No team has ever been given the option of freely playing a guy who the NCAA could, at that moment, forcibly suspend if they wanted to. It has never happened. Not once.
No team has ever been given the option of freely playing a guy who the NCAA could, at that moment, forcibly suspend if they wanted to. It has never happened. Not once.
Posted on 8/27/13 at 4:57 pm to Roger Klarvin
quote:
No team has ever been given the option of freely playing a guy who the NCAA could, at that moment, forcibly suspend if they wanted to. It has never happened. Not once.
Ohio State was. End thread.
LINK
This post was edited on 8/27/13 at 4:58 pm
Posted on 8/27/13 at 4:57 pm to LarryDavid
quote:
You don't think Joe Sink Fish Shad of ESPN didn't share what he had with the NCAA, what he heard? Is he not a decent source?
Nope.
A reporter saying a person told him something doesn't mean dick when the person refuses to talk to the NCAA.
Posted on 8/27/13 at 4:59 pm to therick711
quote:
Sometimes these things take time and other times the NCAA just makes up a rule so OSU can embarrass Arky.
They actually had precedent for that, with the severity of the offense known at the time. Some schools choose to take the punishment during post season.
Posted on 8/27/13 at 5:00 pm to therick711
quote:They gave PSU options and still dropped the damn atomic bomb on them. The OSU shite, was a fricking mockery of epic proportions. And dumbass Gordon Gee, "I hope Jim Tressel doesn't decide to fire me." That shite came back to bite him. Chancellor Sharp better hope his evidence completely exonerates JFF or he will look like another Gordon Gee when it's all said and done.
You said they don't ever give options when there is proof of guilt. Those are two situations where they gave options. They gave PSU options. Consent discipline or risk the hammer being thrown at them. They gave LSU options in the Akiem Hicks case. It just isn't true, man.
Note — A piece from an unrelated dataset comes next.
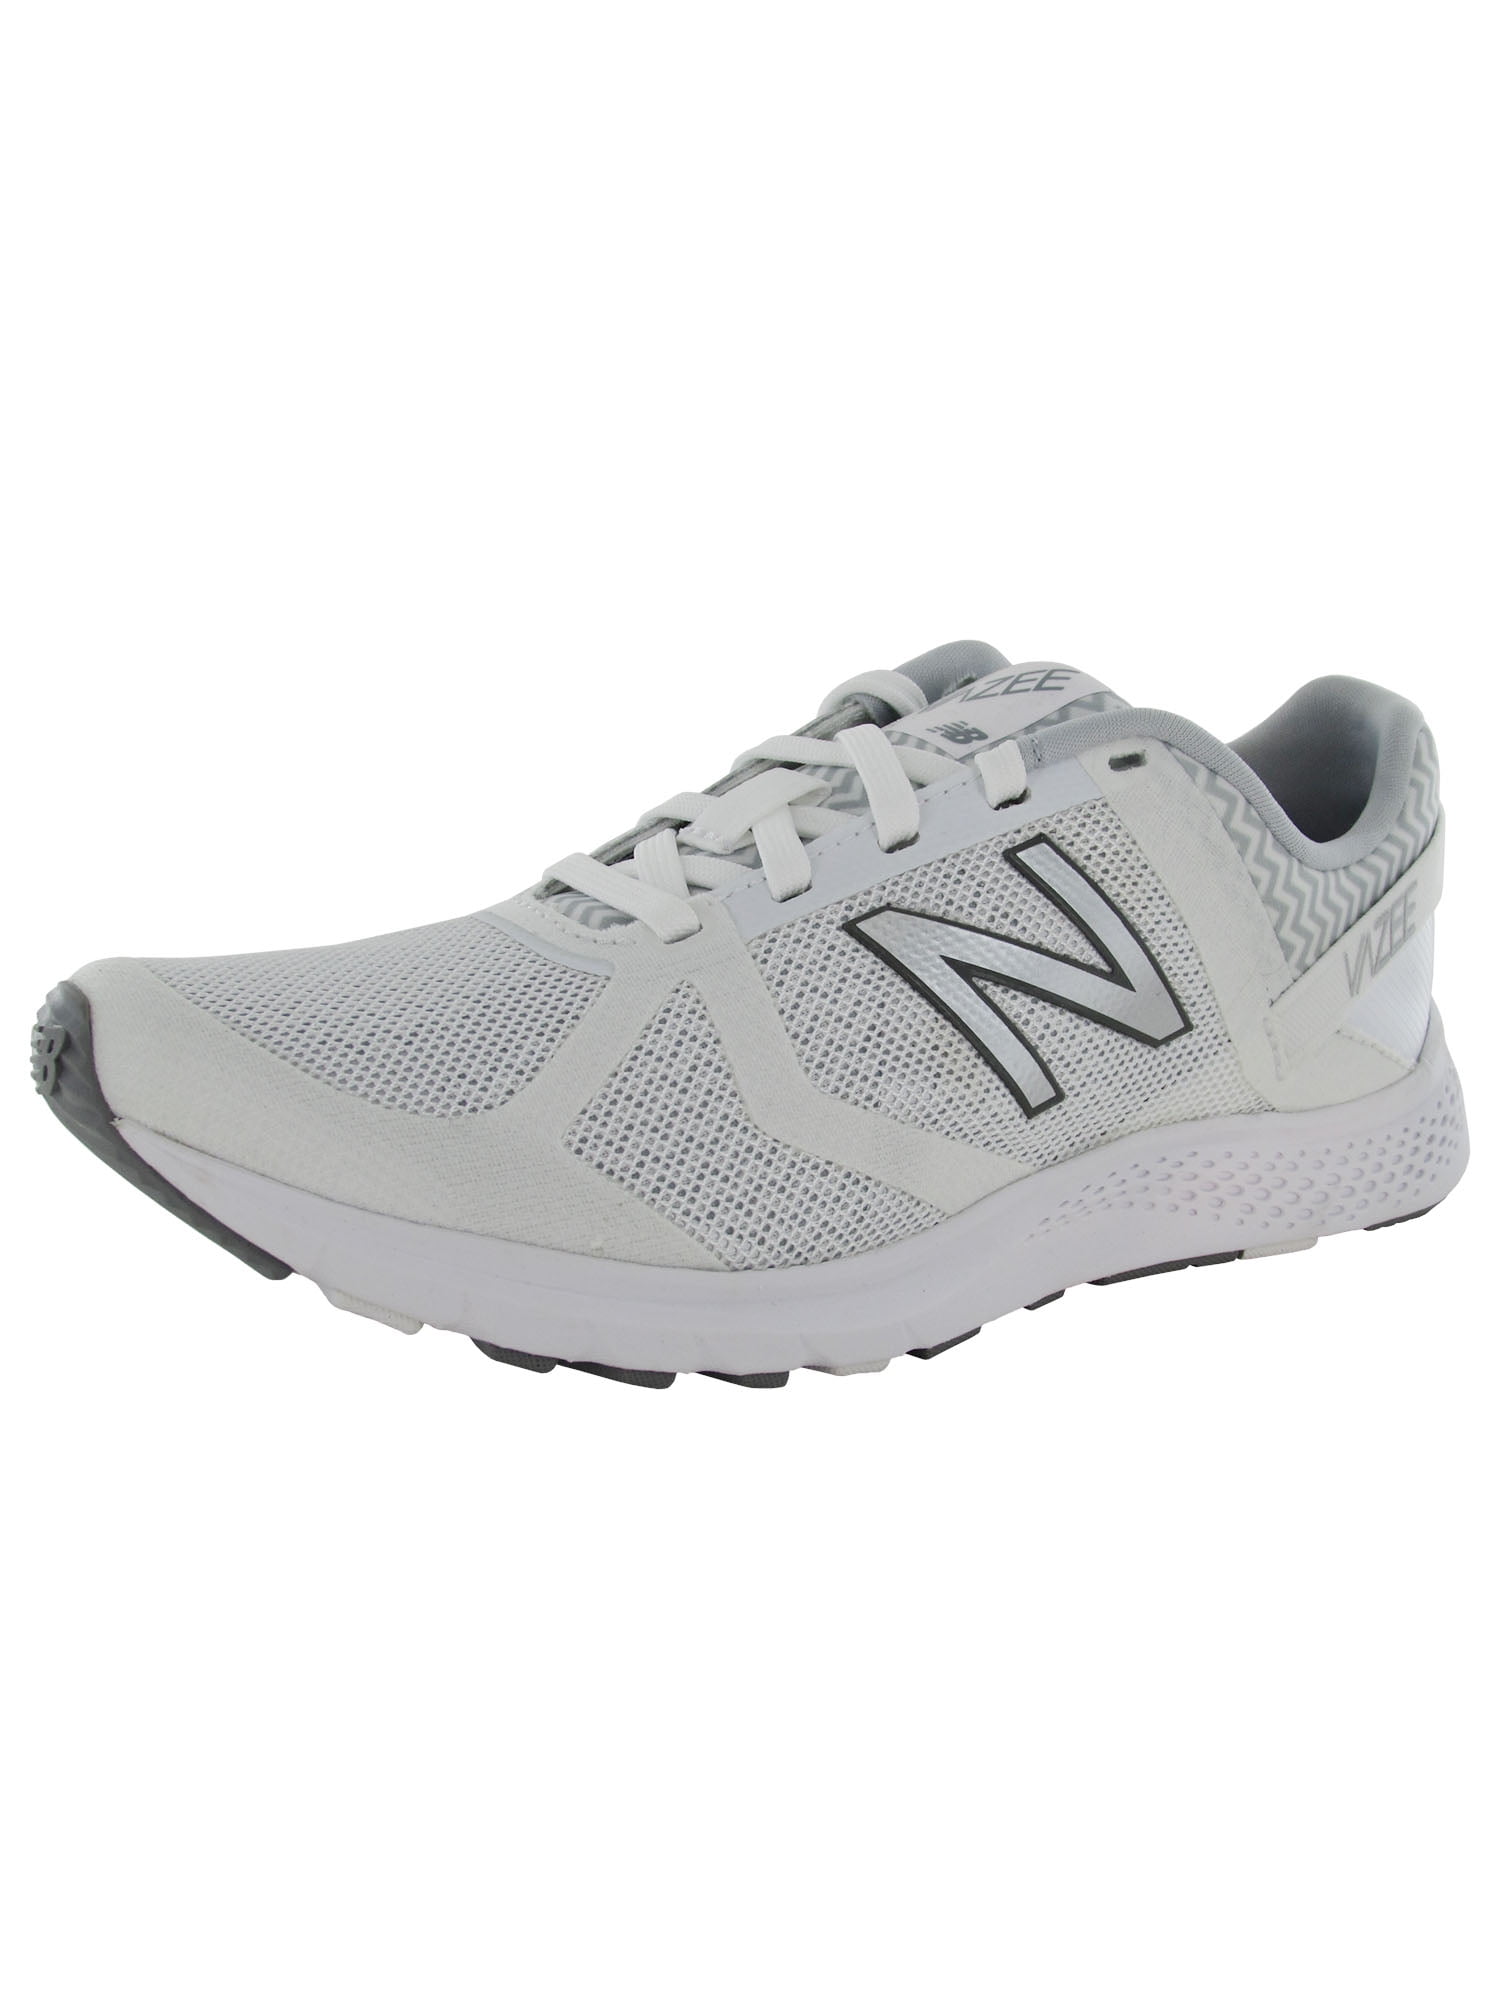 New Balance Vazee Graphic Trainer Shoes, White/Grey, US 7 Walmart.com

Sorry, Johnny Manziel is just leaky a vessel for me to put much trust and faith in - a top notch QB, a great athlete, I love to watch the kid play ball. But I wouldn't trust him as far as I could throw him.
Posted on 8/27/13 at 5:00 pm to therick711
quote:
The NCAA cleared Bush, then later went back and retroactively reversed the initial conclusion. The Ohio State thing, I don't even . . .
That is true, and it is one of the reasons the NCAA is a POS and is on its way out. It's too inconsistent and too open for unfair, abusive treatment of certain programs that don't have Charles Allen Wright on the investigations and appeals board of the NCAA. The NCAA is allowed to punish a program after the fact, despite that program's adhering to its prior recommendations. That's why, as I am sure you know, we don't allow ex post facto and double jeopardy, etc. in the U.S. The opportunity for abuse is way too great. Yet, the NCAA does it all the time and it's deemed "fair" by the guys who run the NCAA and work for the arse pirates in Austin.